# Work instructions
Copy out the full listing exactly, omitting any picture it contains.

(Input data Opens)

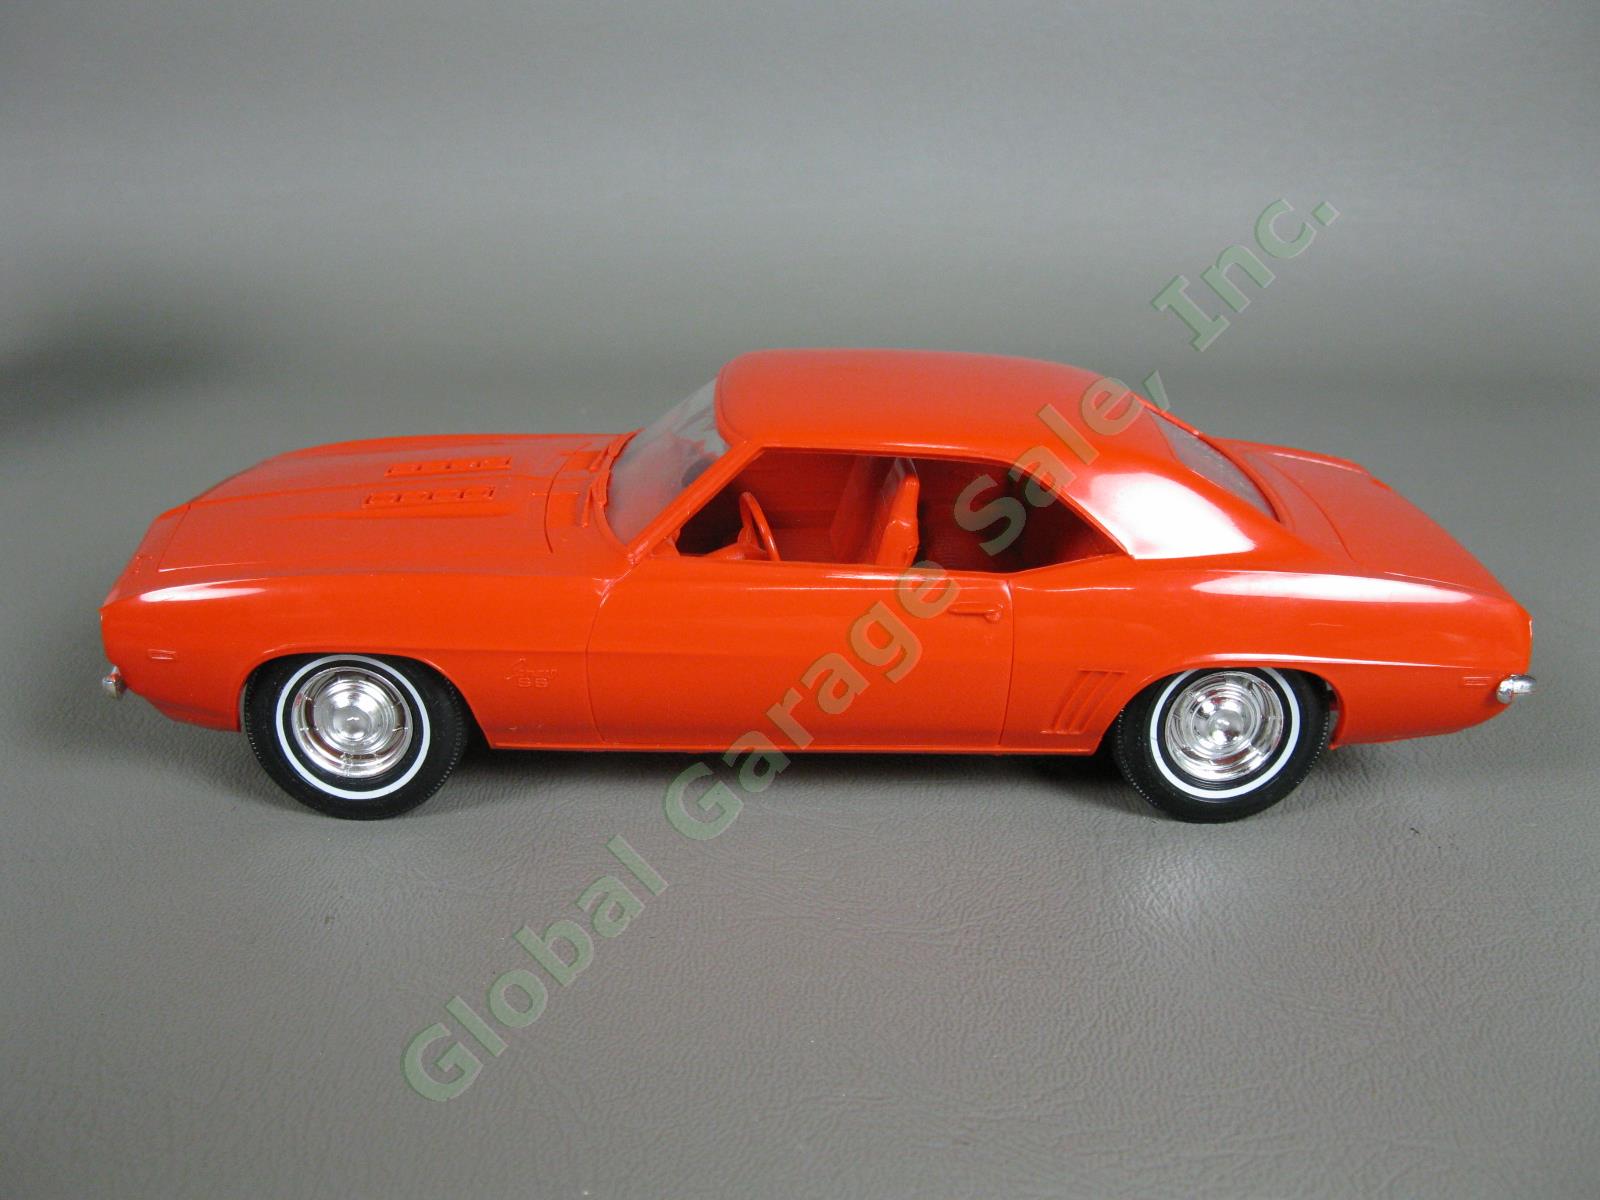 ORIGINAL Vintage 1969 Chevrolet Camaro Hugger Orange Dealer Promo Model Car NR 1
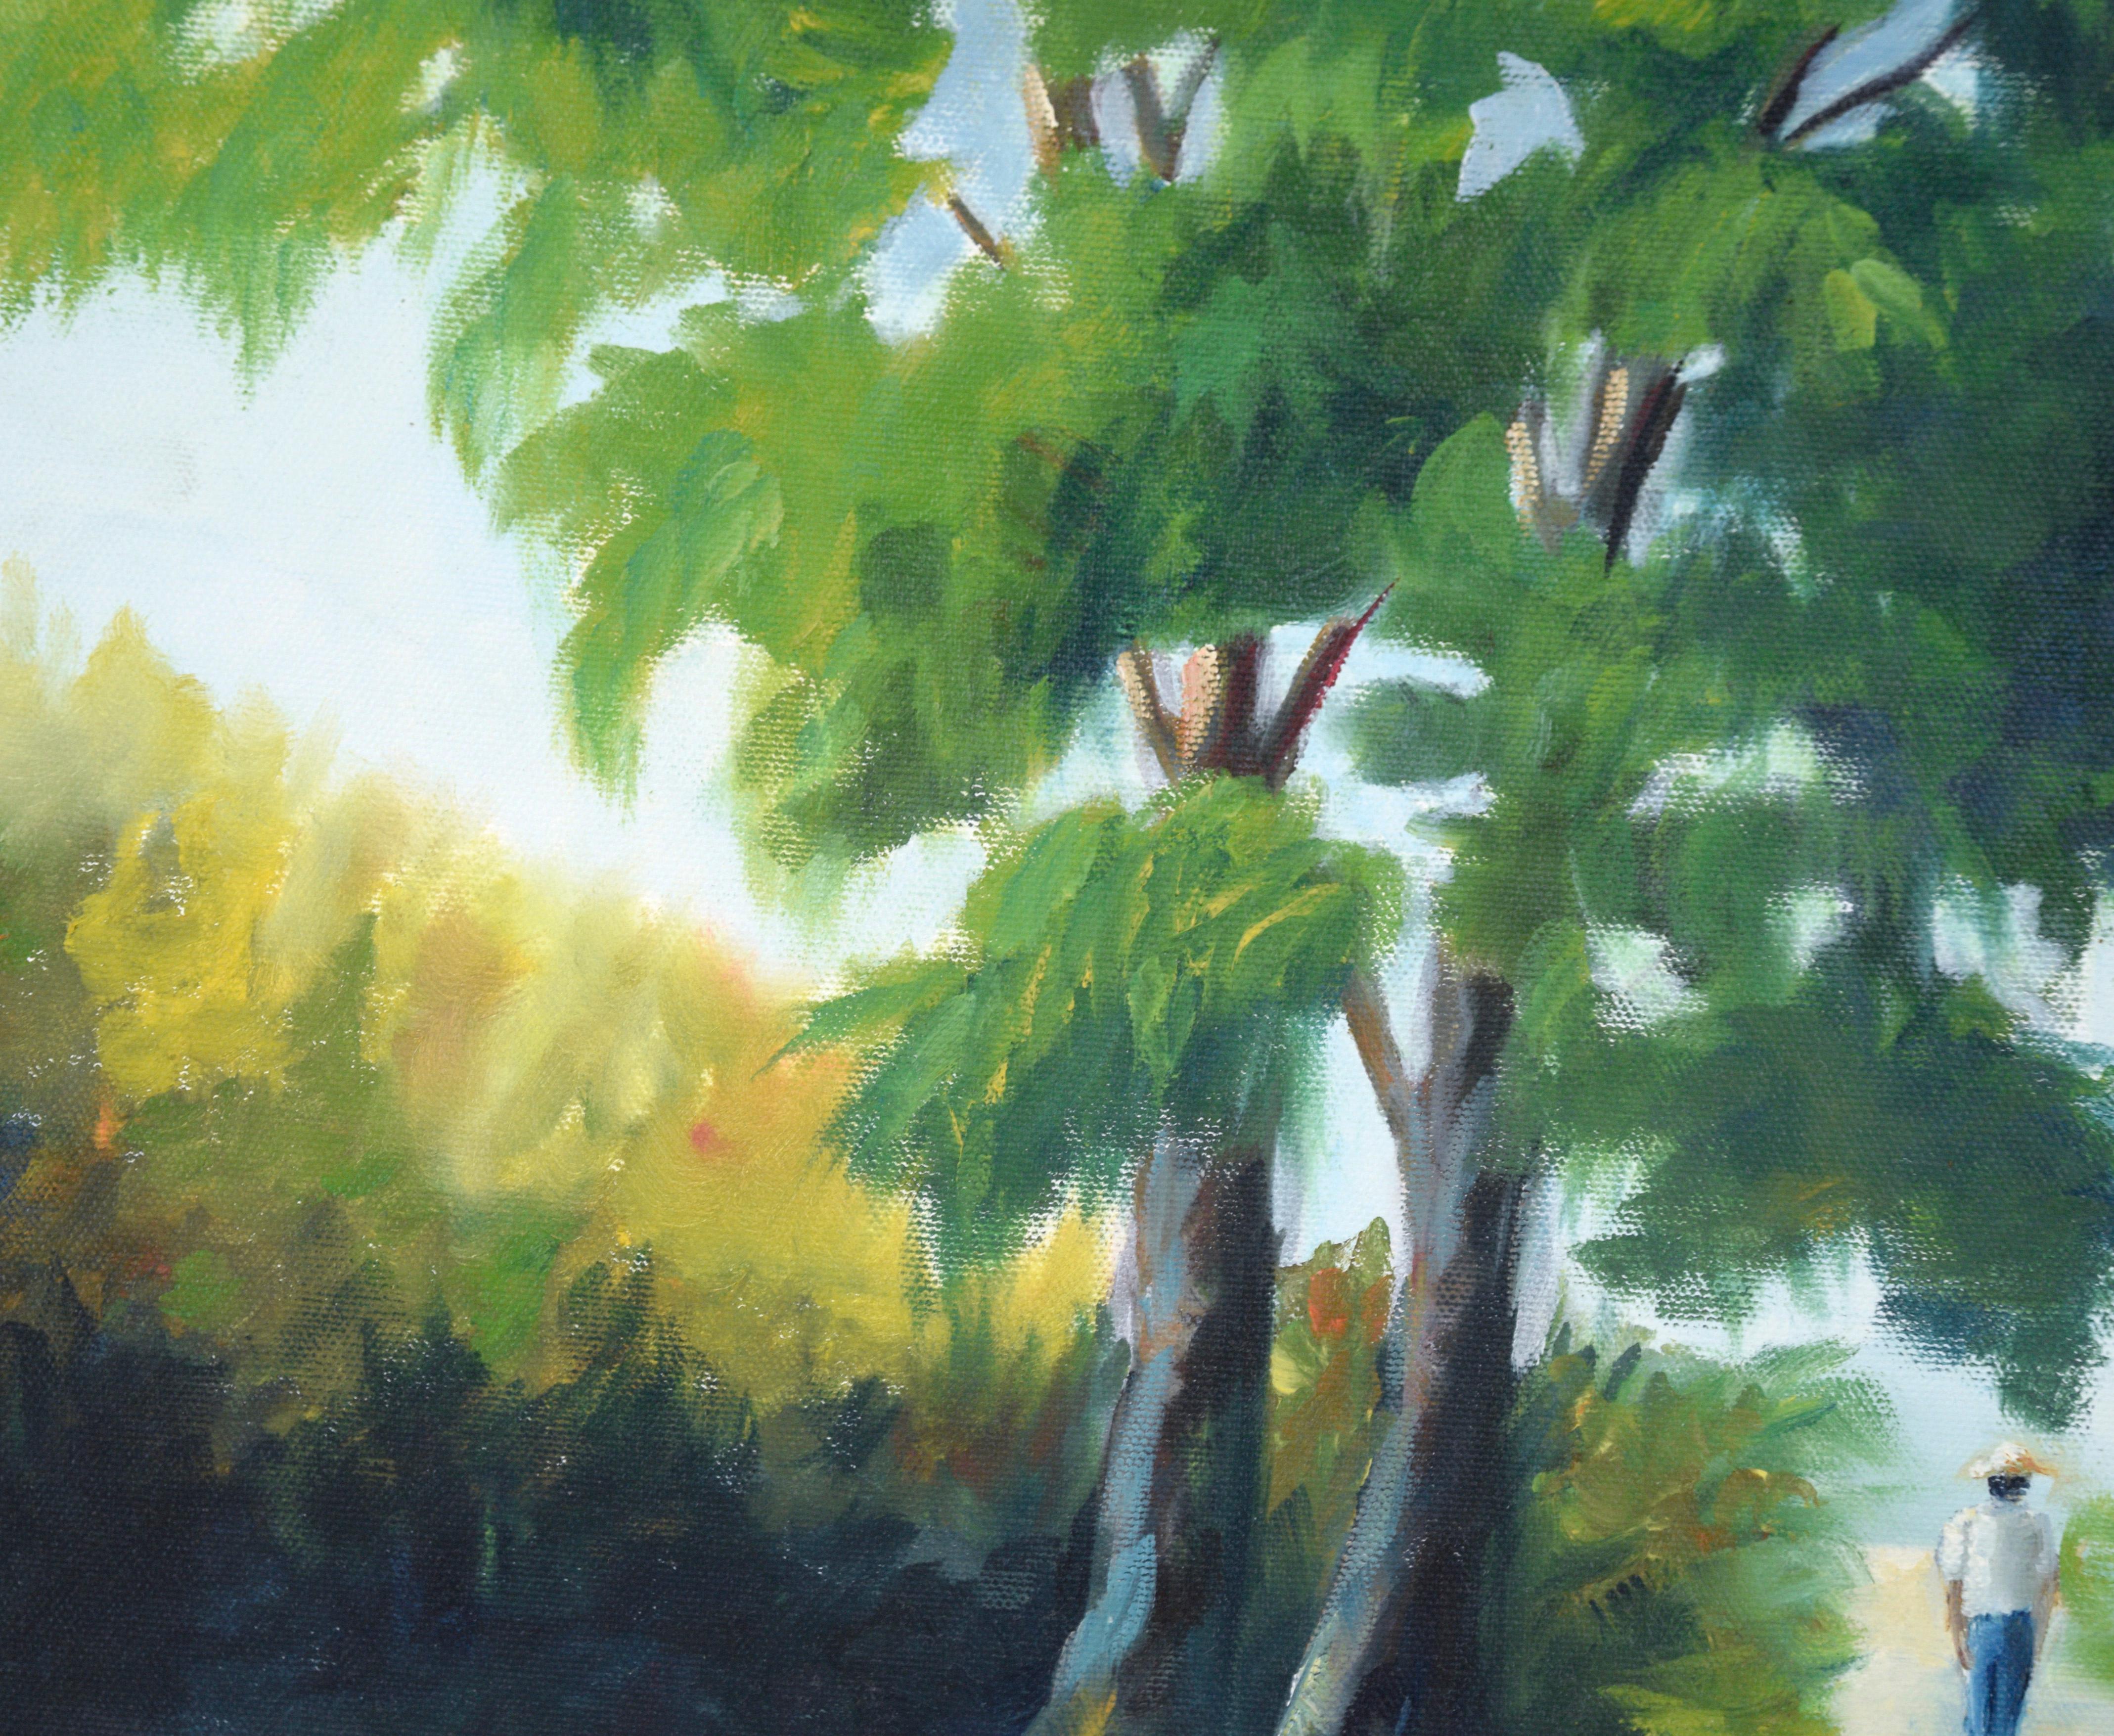 Walking the Path Under the Trees - Paysage en acrylique sur toile

Paysage lumineux et coloré d'un artiste inconnu (20e siècle). Deux grands arbres sont au centre de cette pièce, avec des verts luxuriants et des ombres profondes. Les arbres se
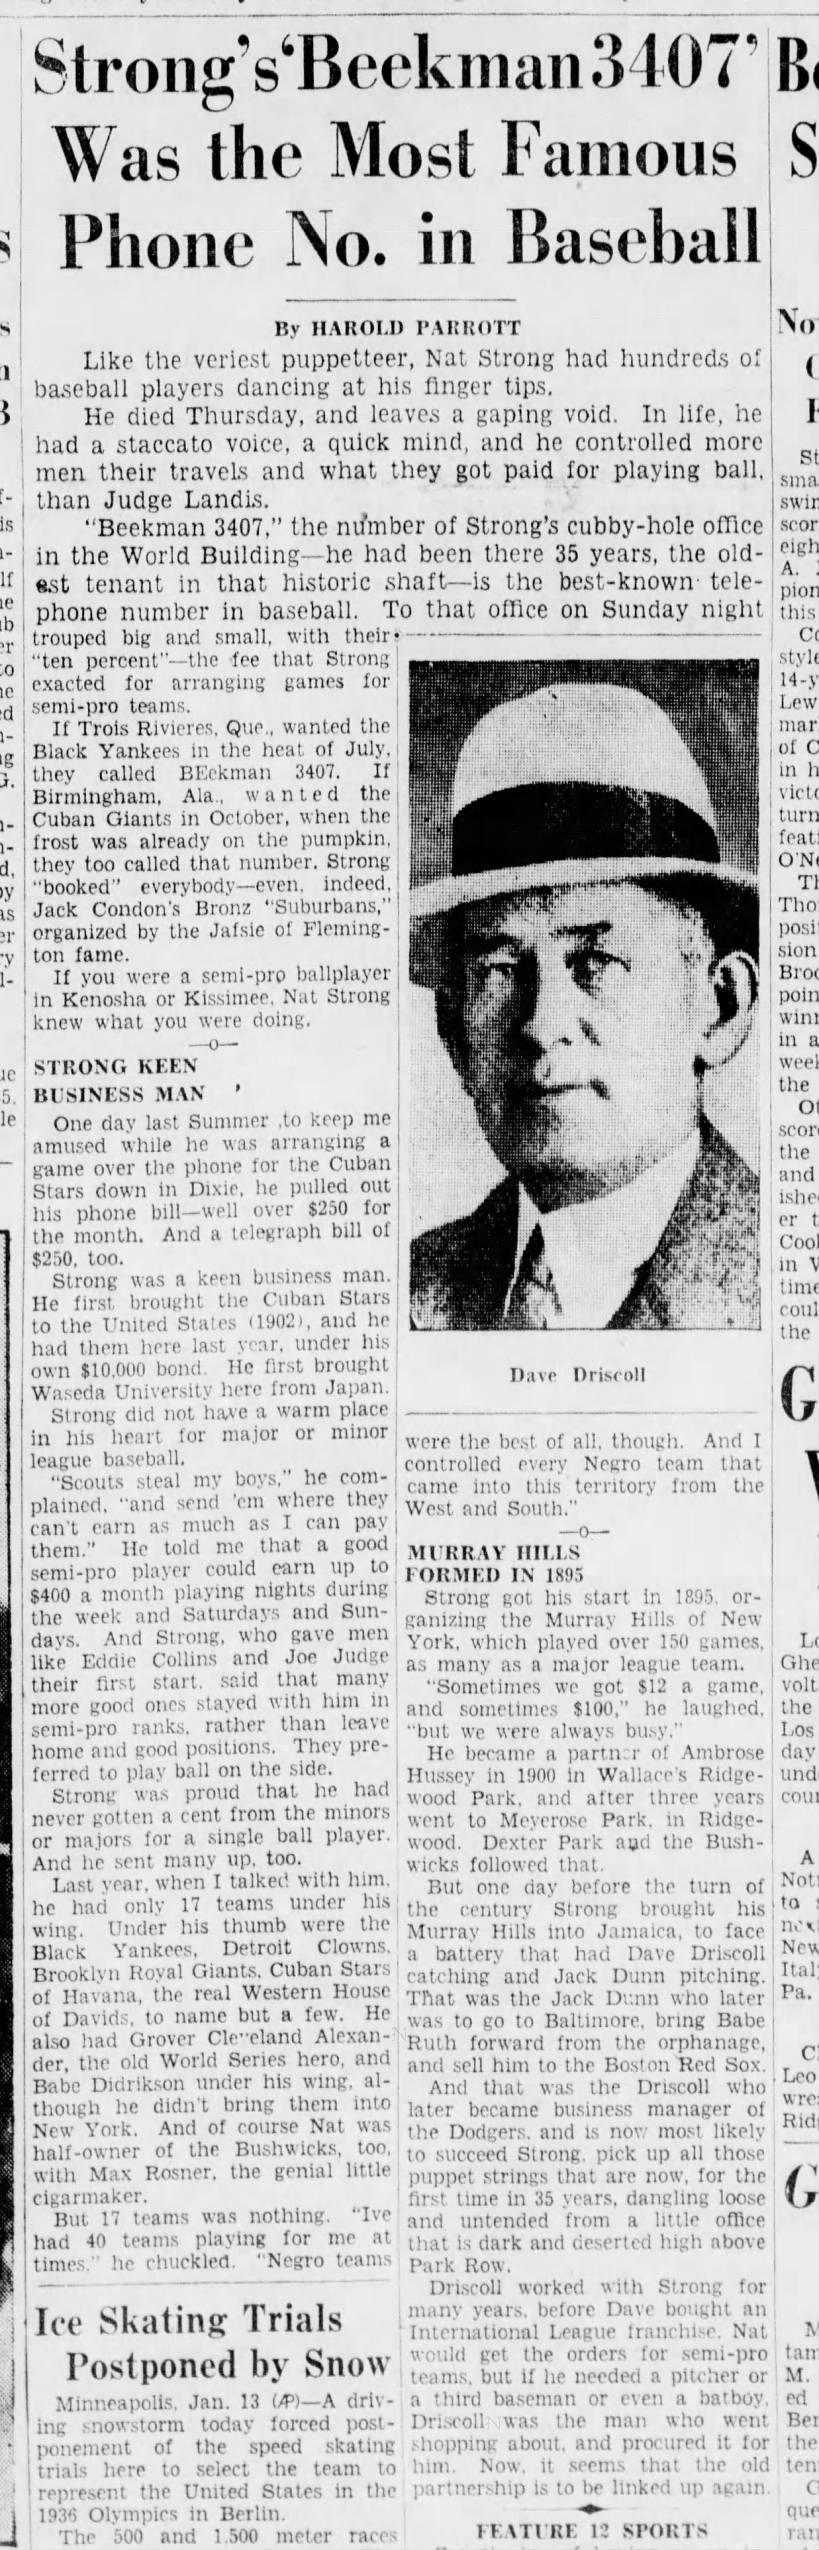 Brooklyn Daily Eagle_1935-1-13_p37

(Input data Closes)

# Finished exercise
 ORIGINAL Vintage 1969 Chevrolet Camaro Hugger Orange Dealer Promo Model Car NR 1
 Walking the Path Under the Trees - Paysage en acrylique sur toile

Paysage lumineux et coloré d'un artiste inconnu (20e siècle). Deux grands arbres sont au centre de cette pièce, avec des verts luxuriants et des ombres profondes. Les arbres se
 Brooklyn Daily Eagle_1935-1-13_p37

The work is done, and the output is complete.